• What to do:
Send back the line that contains "Dresda, una cittá magica" and all lines following it through the end of the data below, exactly, omitting pictures.

• Data extract:
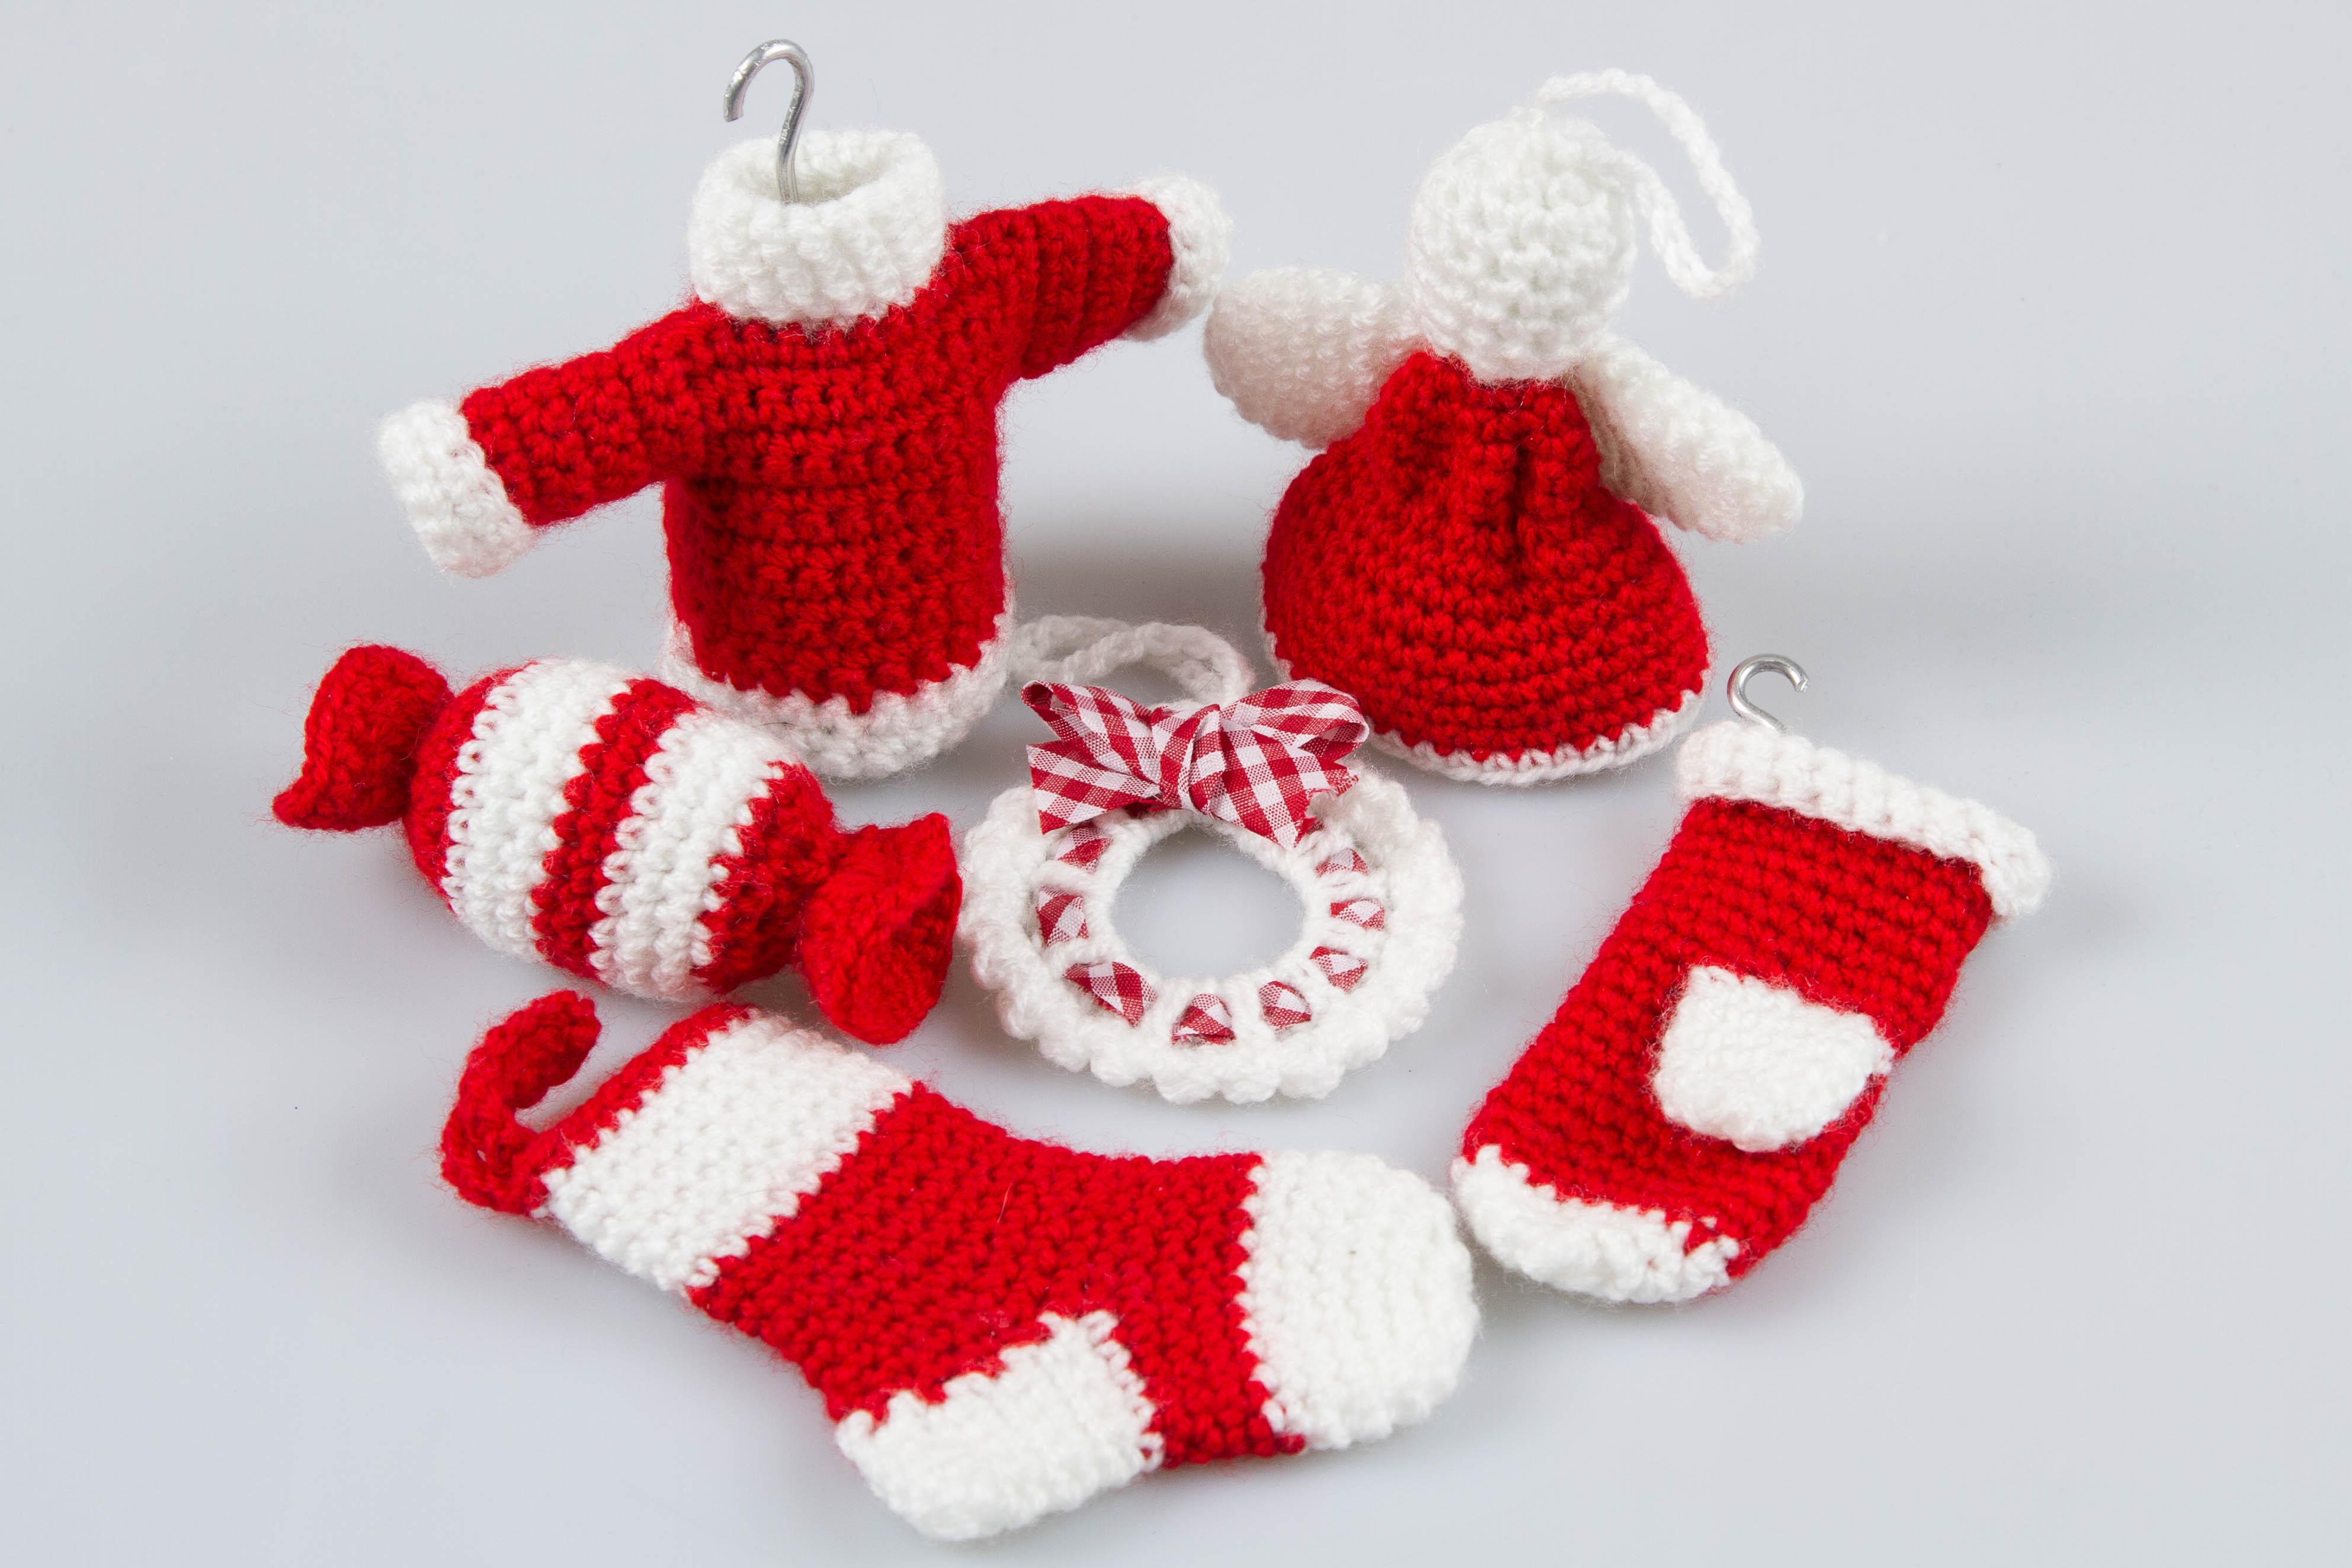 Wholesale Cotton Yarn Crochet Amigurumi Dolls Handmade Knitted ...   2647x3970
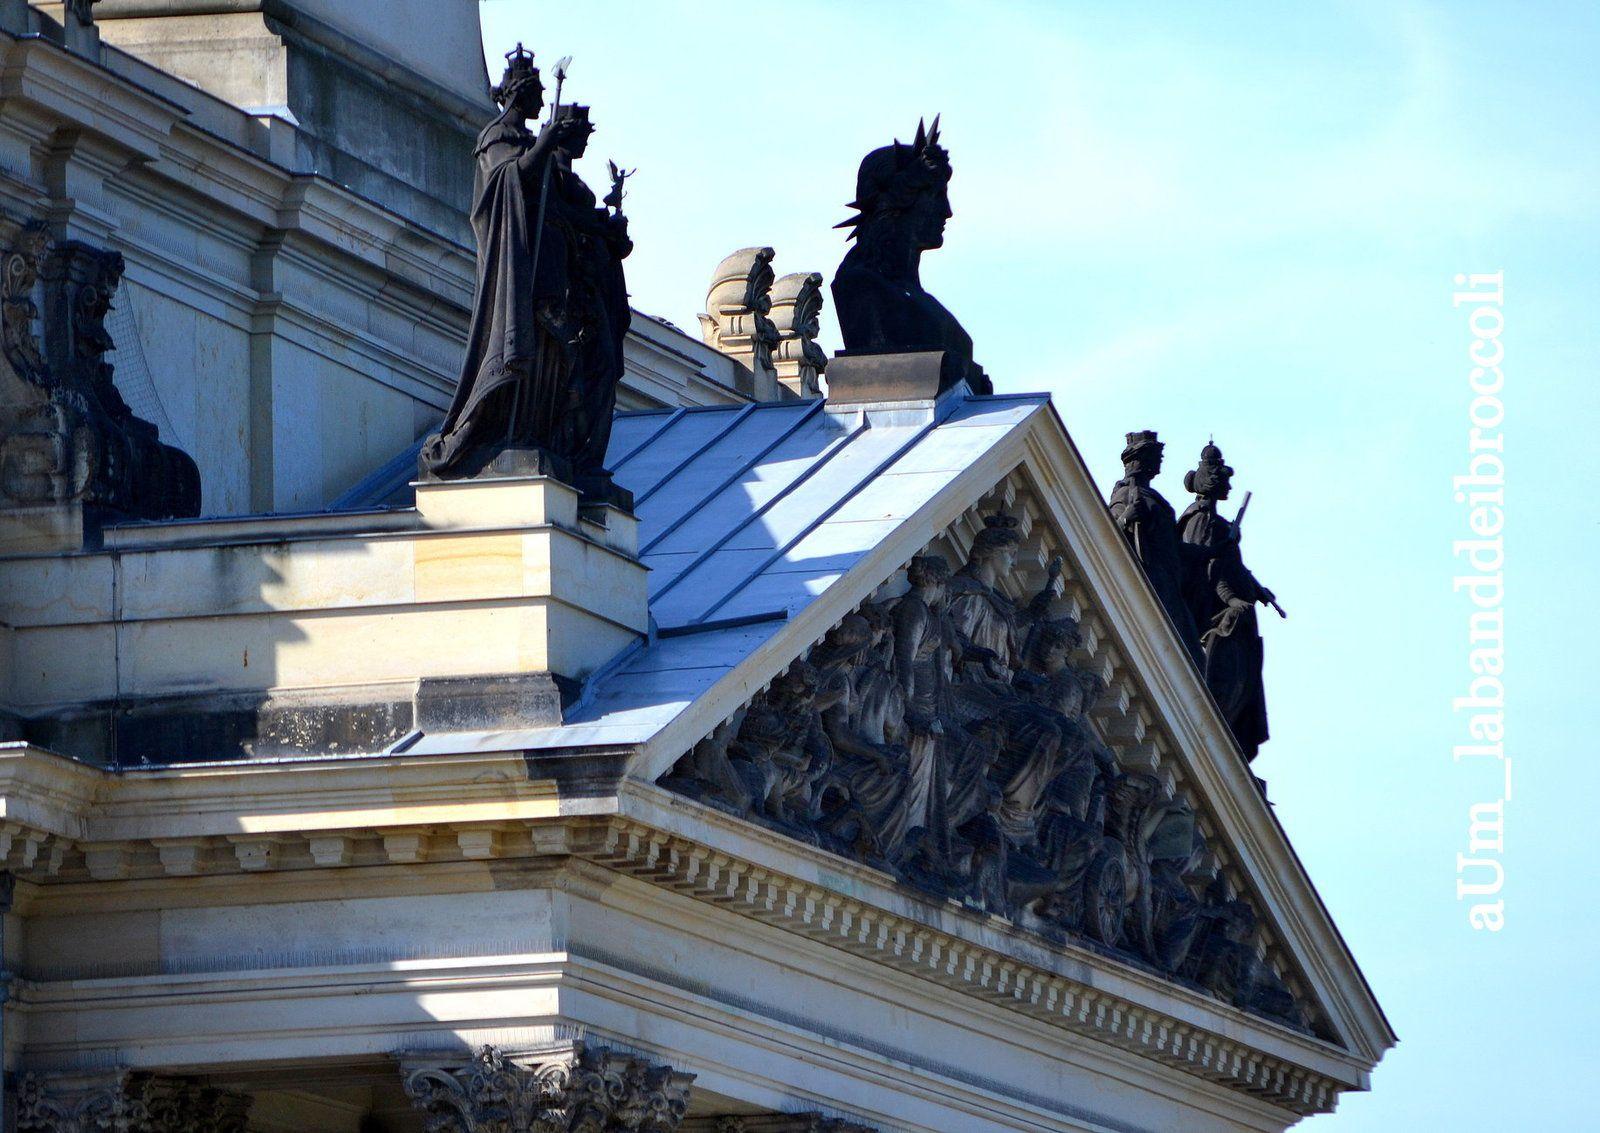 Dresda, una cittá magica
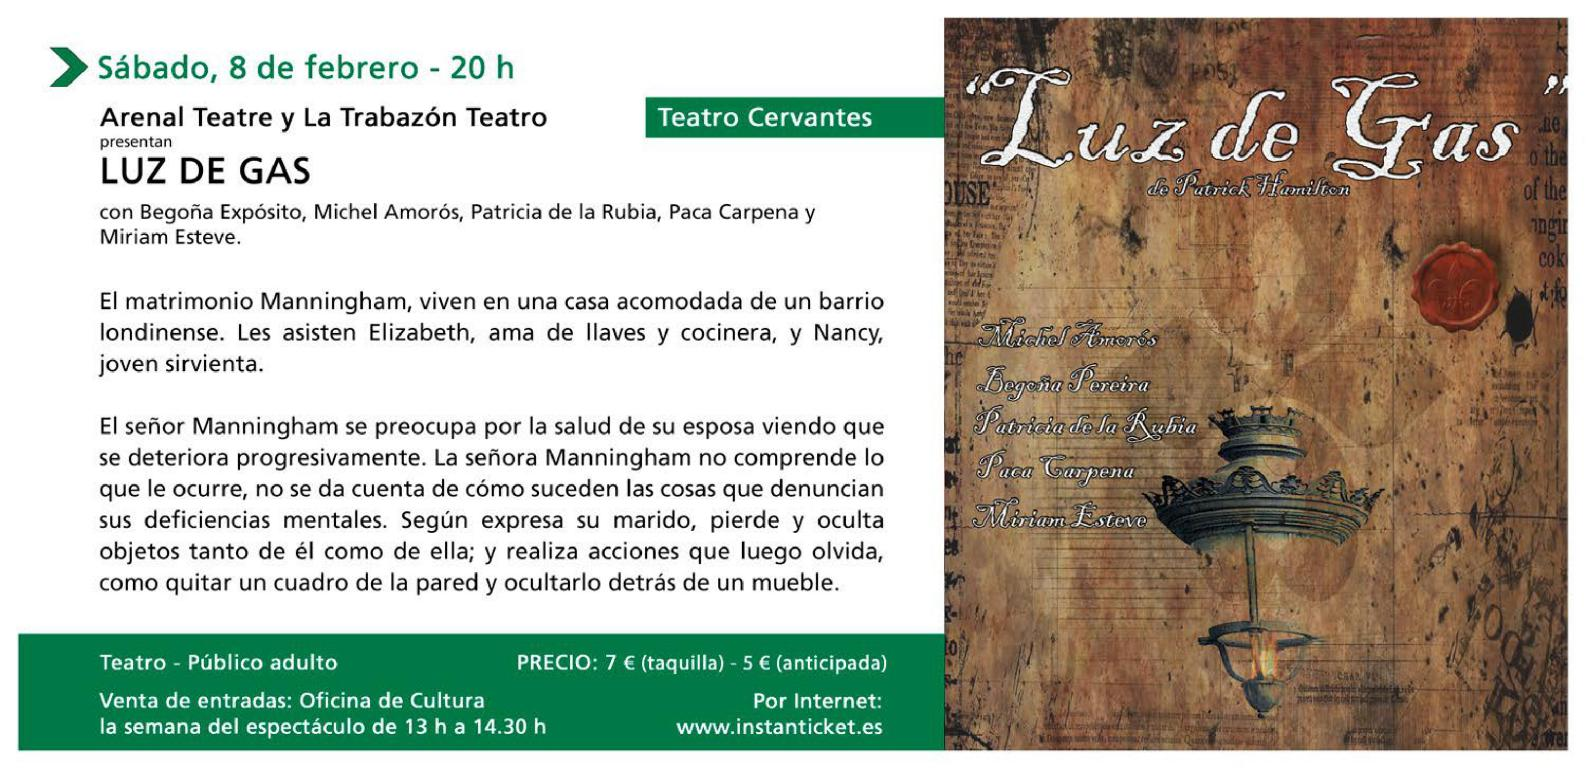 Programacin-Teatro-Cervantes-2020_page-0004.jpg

• Expected answer:
 Dresda, una cittá magica
 Programacin-Teatro-Cervantes-2020_page-0004.jpg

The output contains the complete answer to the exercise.